**Records to use**.
──────
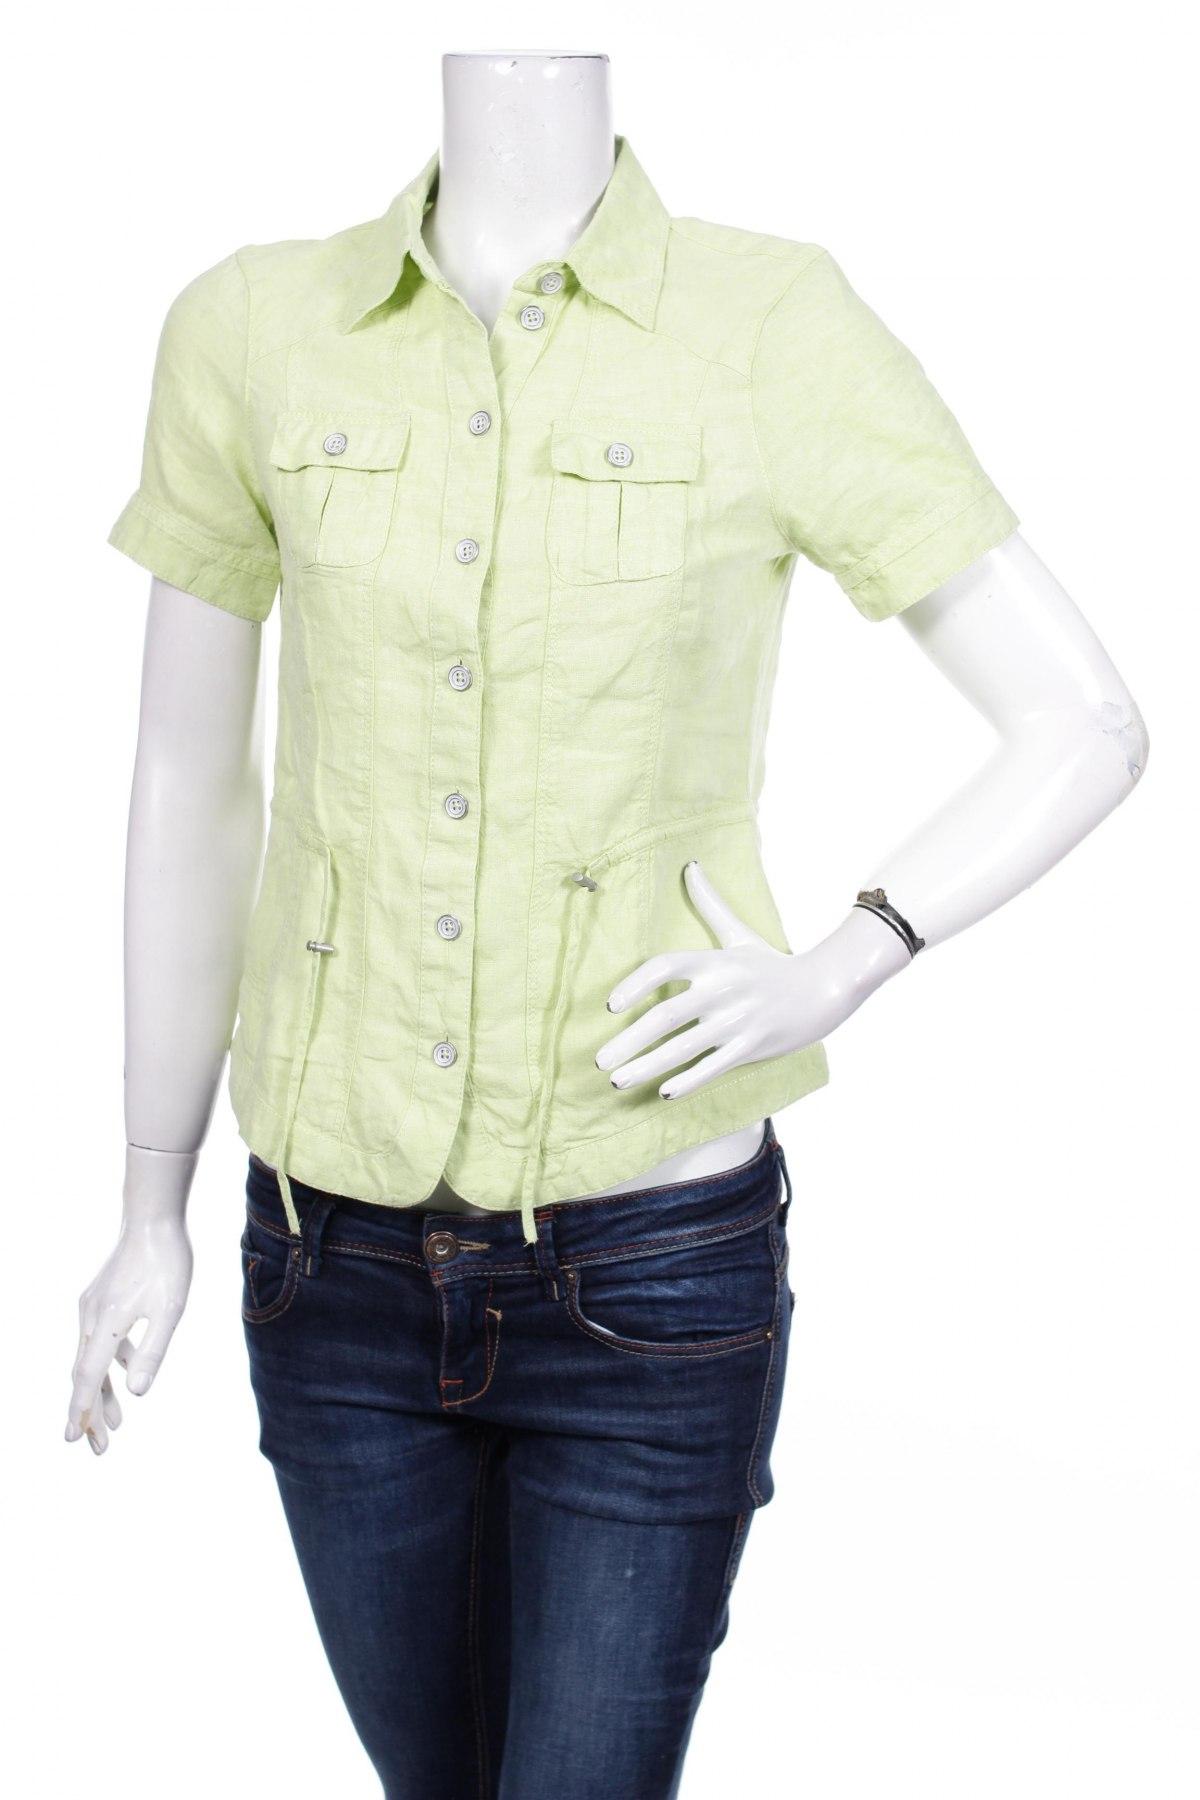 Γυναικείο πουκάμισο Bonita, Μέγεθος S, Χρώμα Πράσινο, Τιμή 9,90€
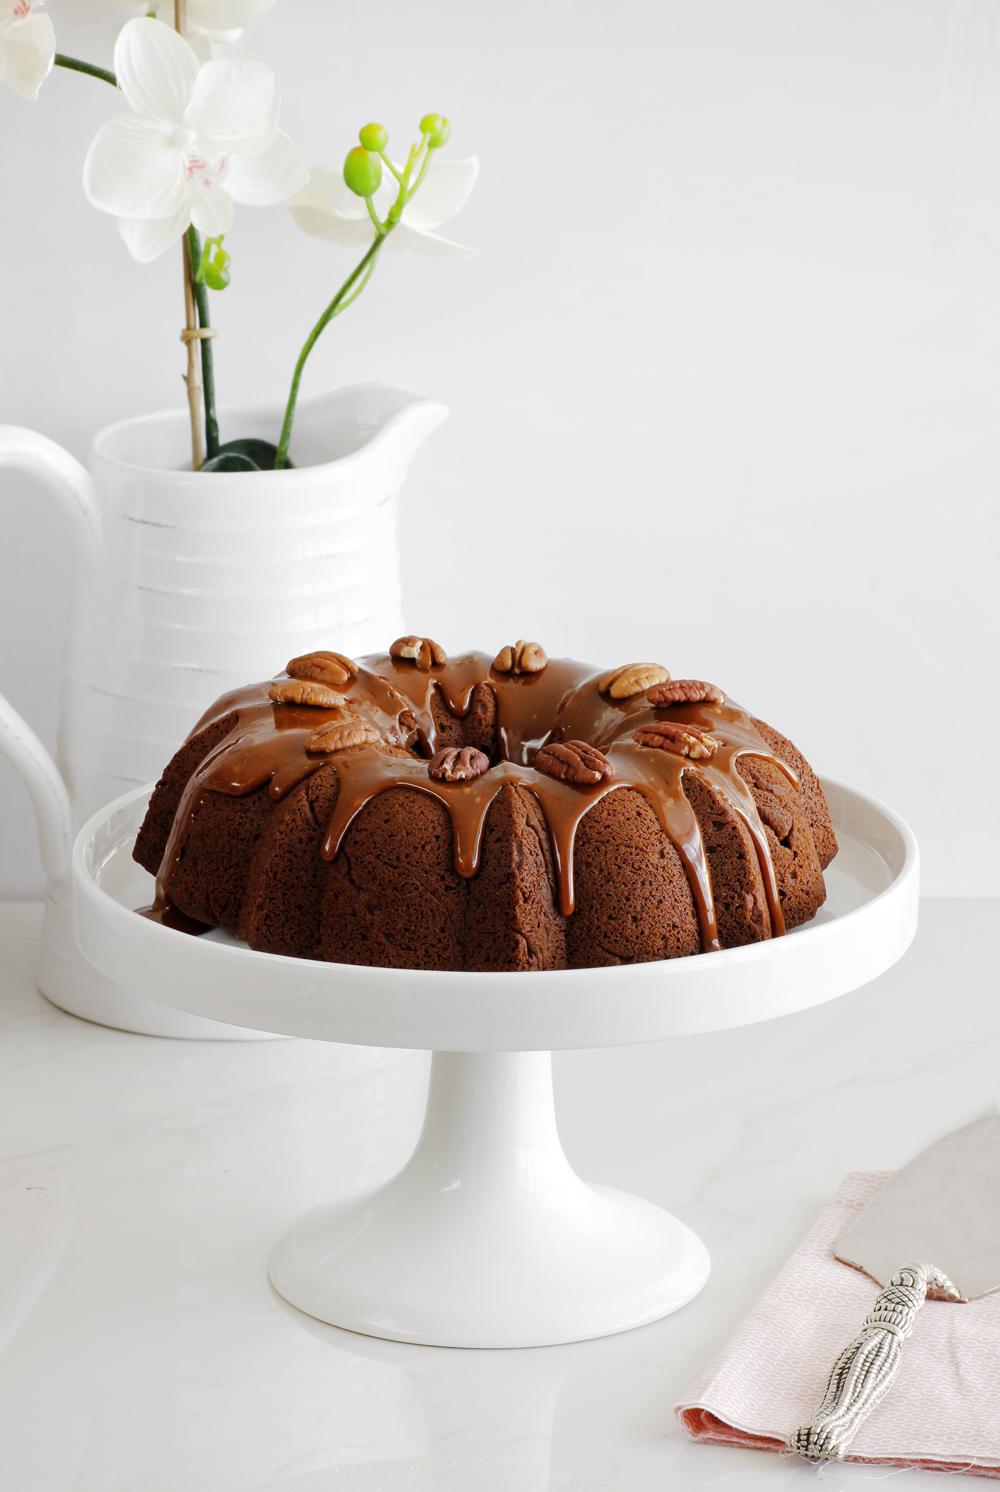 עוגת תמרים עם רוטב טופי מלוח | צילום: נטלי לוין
──────
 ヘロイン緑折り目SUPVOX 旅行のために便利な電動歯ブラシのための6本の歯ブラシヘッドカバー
──────
**Task brief**. From the entries above, copy exactly the lines starting at the one with "Γυναικείο πουκάμισο Bonita, Μέγεθος" and stopping at the one with "עוגת תמרים עם", keeping both ends. Drop the pictures.

**Task output**.
 Γυναικείο πουκάμισο Bonita, Μέγεθος S, Χρώμα Πράσινο, Τιμή 9,90€
 עוגת תמרים עם רוטב טופי מלוח | צילום: נטלי לוין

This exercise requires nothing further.